Property owners have taken control of the job. They're happy with our progress. We're good on getting paid, we have a cc number as protection. Insurances alone cost $400 on this contract.


----------



## dhal22 (Jul 30, 2010)

Just getting around to uploading a few photos. Some small pipe photos. Gravel and mud everywhere but the 18gpm/4000psi gets it done.


----------



## dhal22 (Jul 30, 2010)

Here's a 250' shot from catch basin to catch basin.


----------



## dhal22 (Jul 30, 2010)

Gravel everywhere. We are at 20 hrs with another 2 or so tomorrow then everything gets checked and recorded with a camera.


----------



## ShtRnsdownhill (Jan 13, 2016)

I wonder if the sand and gravel just washed in from a sloppy work sight or someone put it all down there on purpose? either way good for your pocket!!!


----------



## Drain Pro (Nov 3, 2013)

dhal22 said:


> Here's a 250' shot from catch basin to catch basin.




Nice job! What kind of nozzle(s) did you use?


Sent from my iPhone using Tapatalk


----------



## dhal22 (Jul 30, 2010)

Cleared most with a heavy flusher nozzle (don't remember the brand name). Nice nozzle but don't like the ceramic ports pointing directly backwards. I will ask The Jetter Depot if I can change the ports.
Ended up having great success with the big Warthog.
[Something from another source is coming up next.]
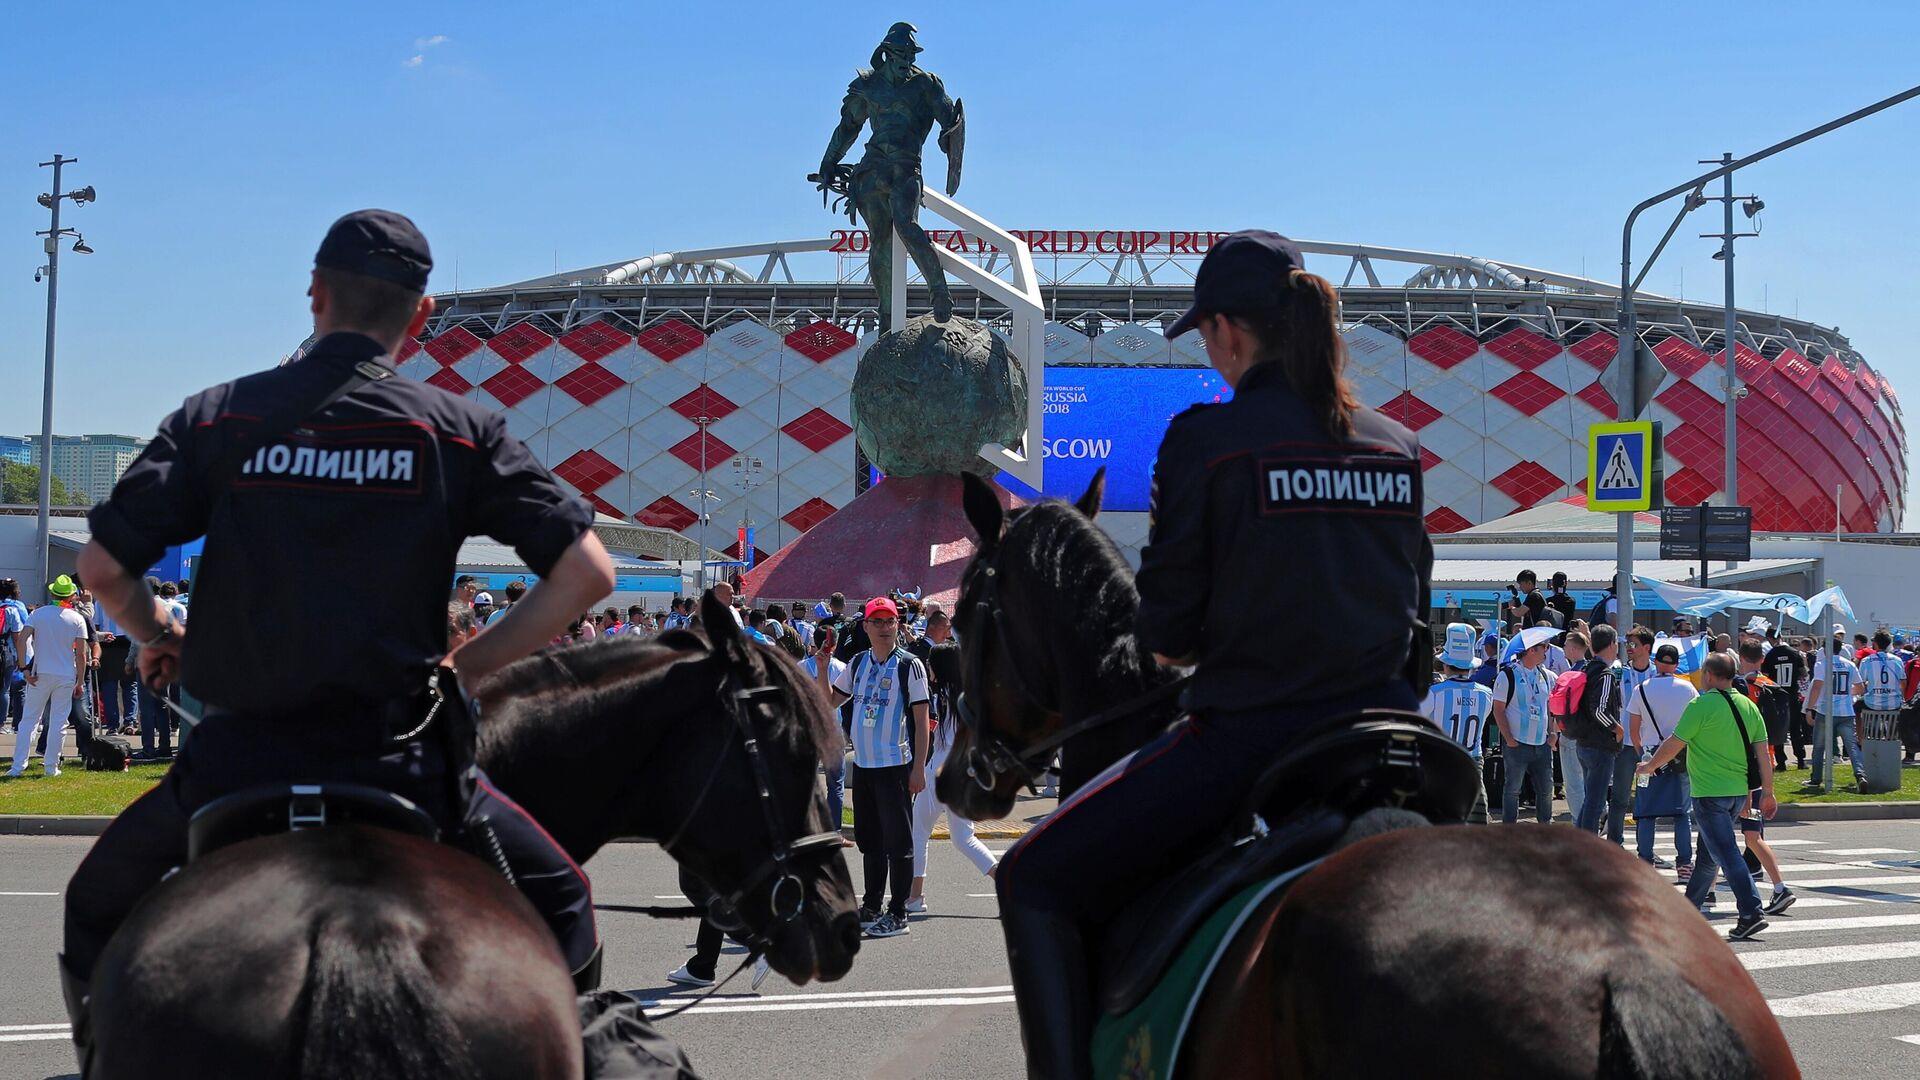 Полиция и стадион Открытие Арена - РИА Новости, 1920, 03.10.2020

Running about 2800 psi rocks and pebbles were flying out like a shotgun blast. You could not look in the manhole once the head got close.


----------



## dhal22 (Jul 30, 2010)

ShtRnsdownhill said:


> I wonder if the sand and gravel just washed in from a sloppy work sight or someone put it all down there on purpose? either way good for your pocket!!!


Sloppy worksite.


----------



## GREENPLUM (Jul 27, 2008)

I've got the dragon jet , great for sweeping big pipe. 









Sent from my SM-N930V using Tapatalk


----------



## Drain Pro (Nov 3, 2013)

GREENPLUM said:


> I've got the dragon jet , great for sweeping big pipe.
> 
> 
> 
> ...




I've got the sand and sludge nozzle on the bottom. Works well enough. 


Sent from my iPhone using Tapatalk


----------



## dhal22 (Jul 30, 2010)

My sludge nozzle is very similar. The ports are internal and ceramic but thrust straight backwards. I wished they had some downward slope to them.


----------



## dhal22 (Jul 30, 2010)

89plumbum said:


> Payment gonna be a problem?


My invoice of just under $14,000 was paid in 3 days. :yes:


----------



## 89plumbum (May 14, 2011)

Awesome!


----------